**Activity**
A word-for-word copy of the following listing is needed. Leave out its images.

**Information provided**
────

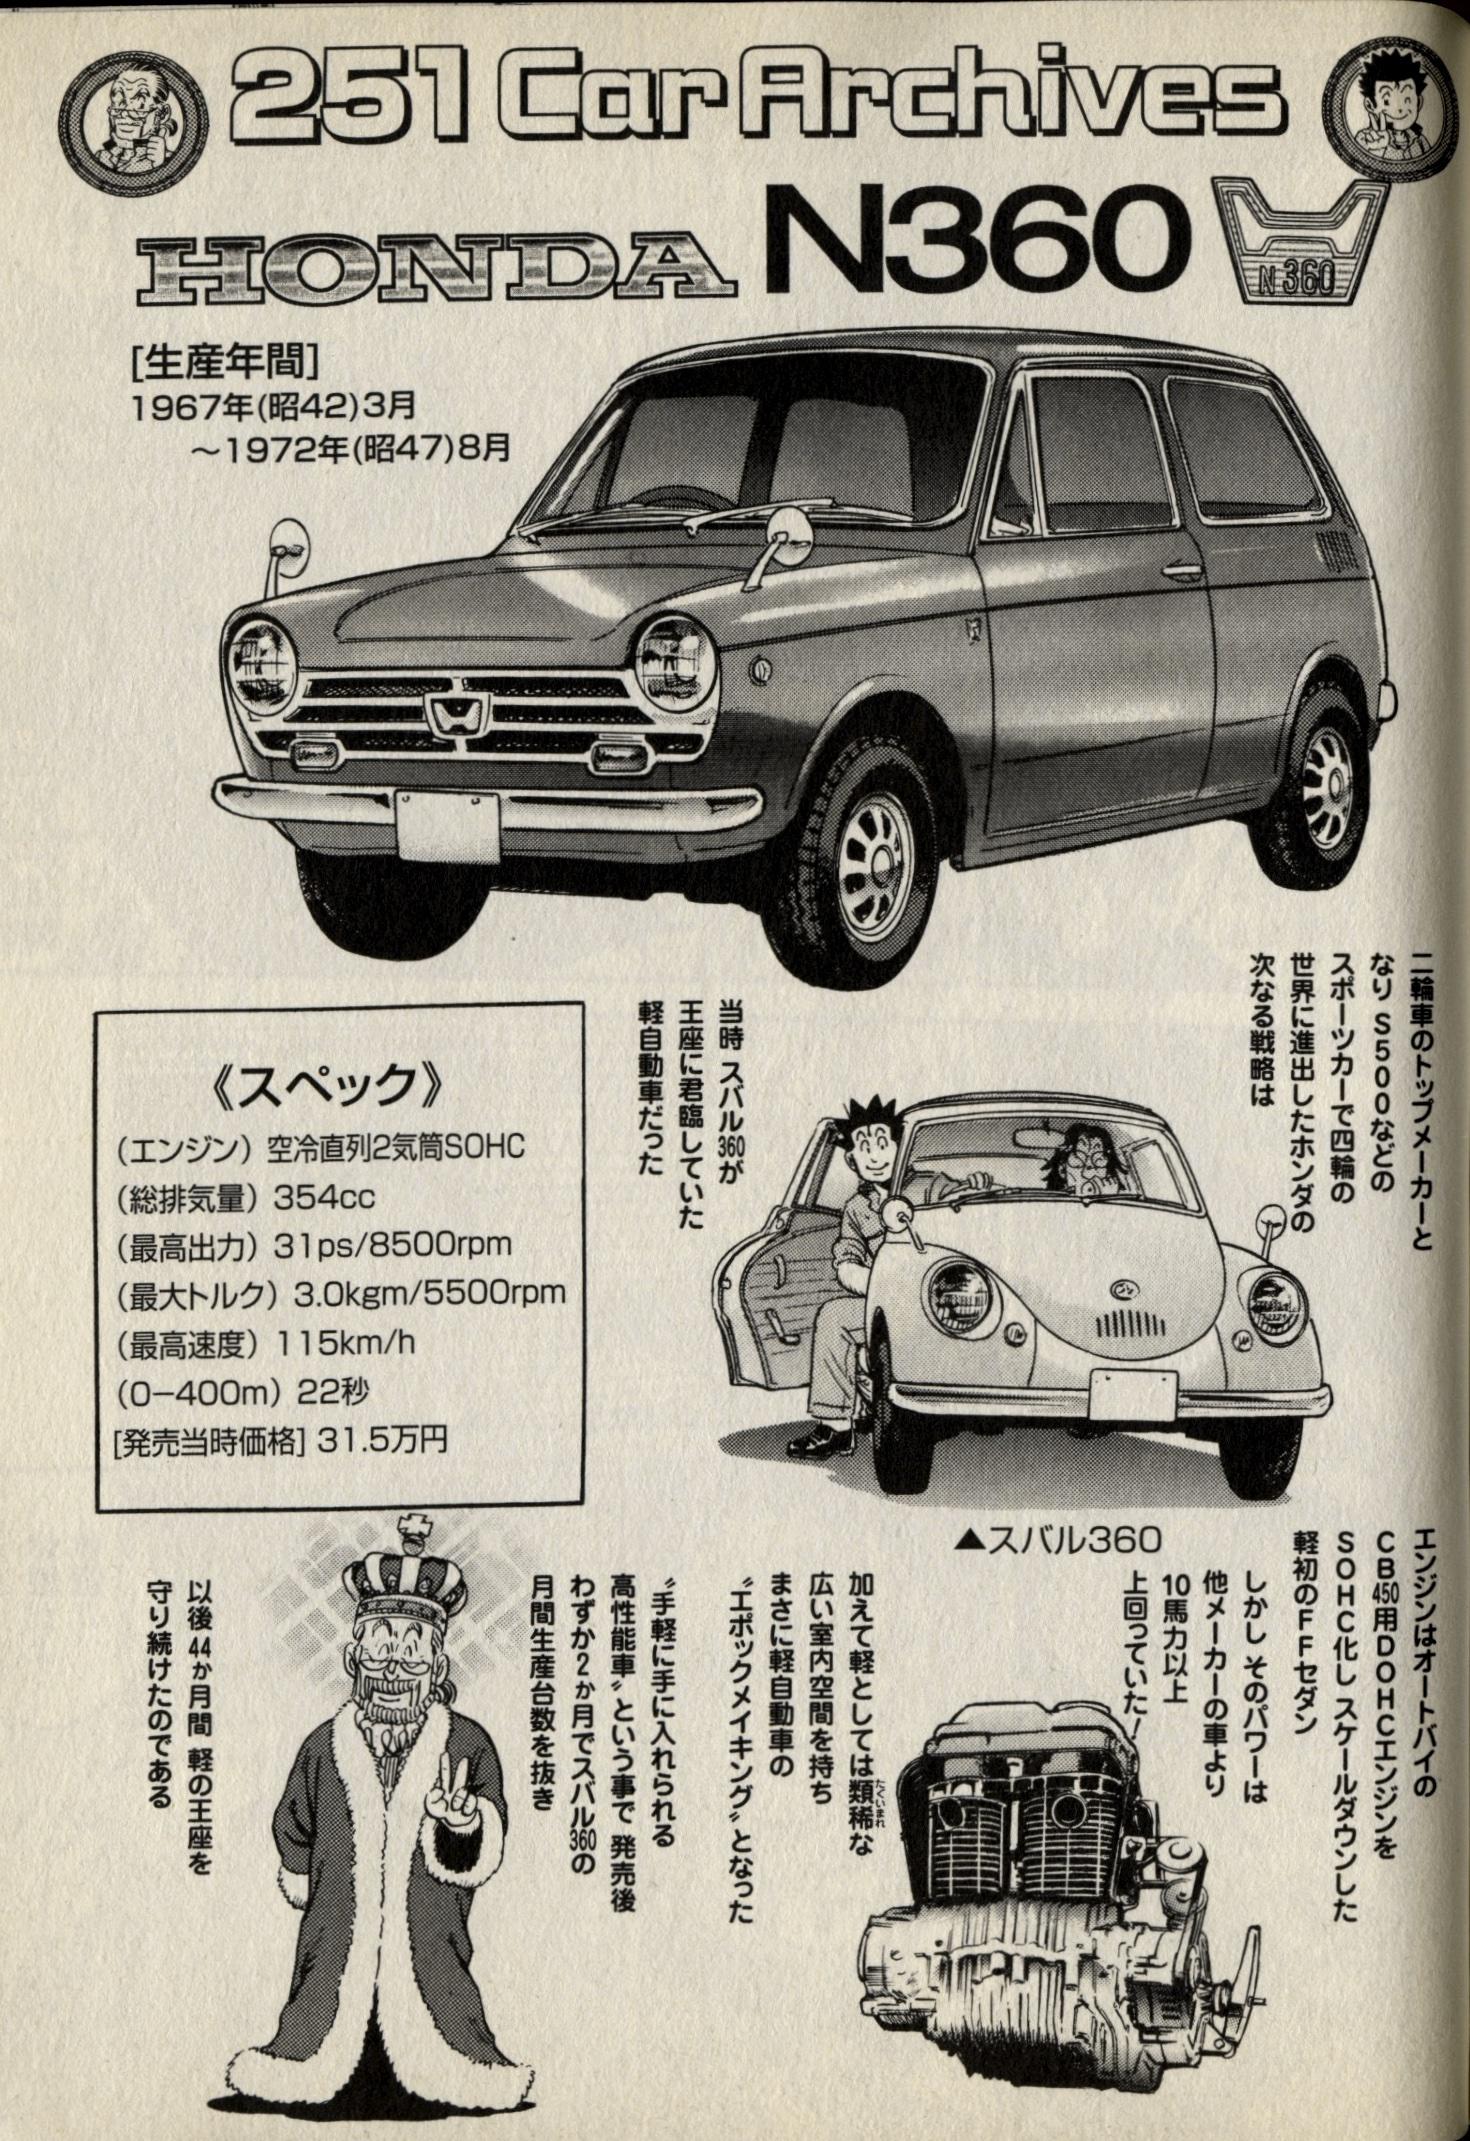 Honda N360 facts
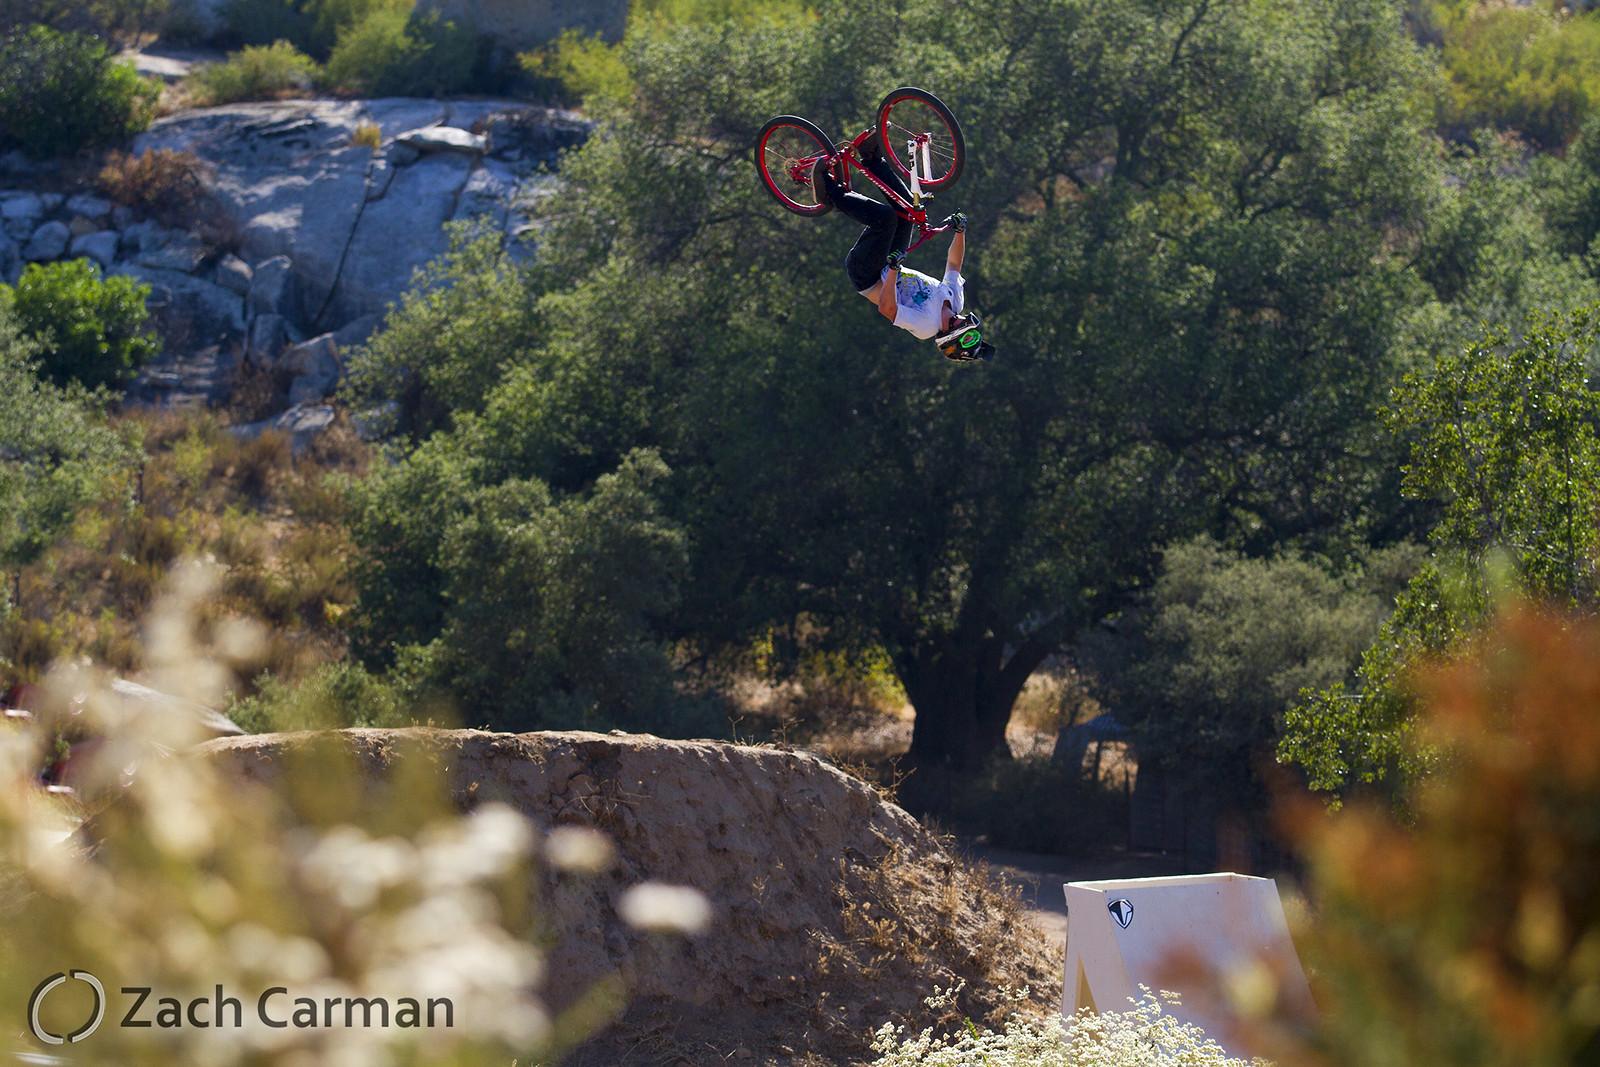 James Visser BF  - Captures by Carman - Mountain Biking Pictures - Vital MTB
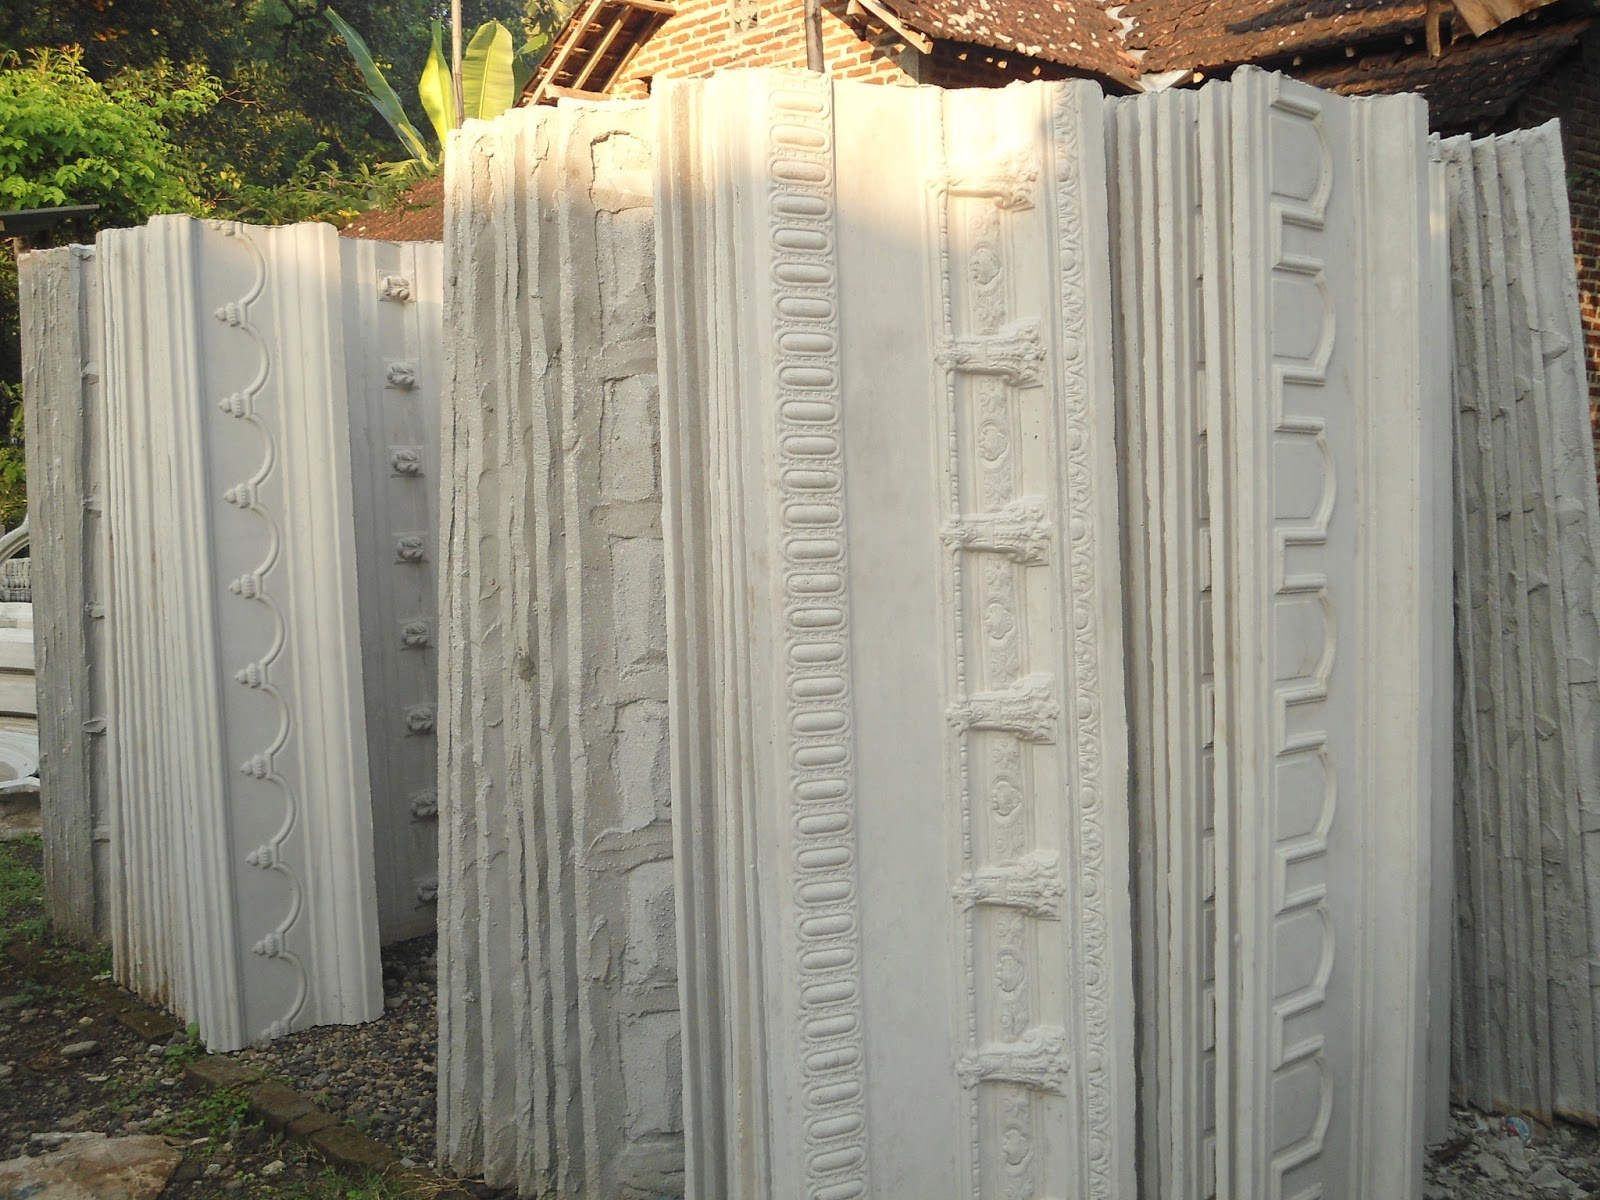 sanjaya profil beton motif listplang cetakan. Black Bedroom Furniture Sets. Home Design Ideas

────

**Your solution**
 Honda N360 facts
 James Visser BF  - Captures by Carman - Mountain Biking Pictures - Vital MTB
 sanjaya profil beton motif listplang cetakan. Black Bedroom Furniture Sets. Home Design Ideas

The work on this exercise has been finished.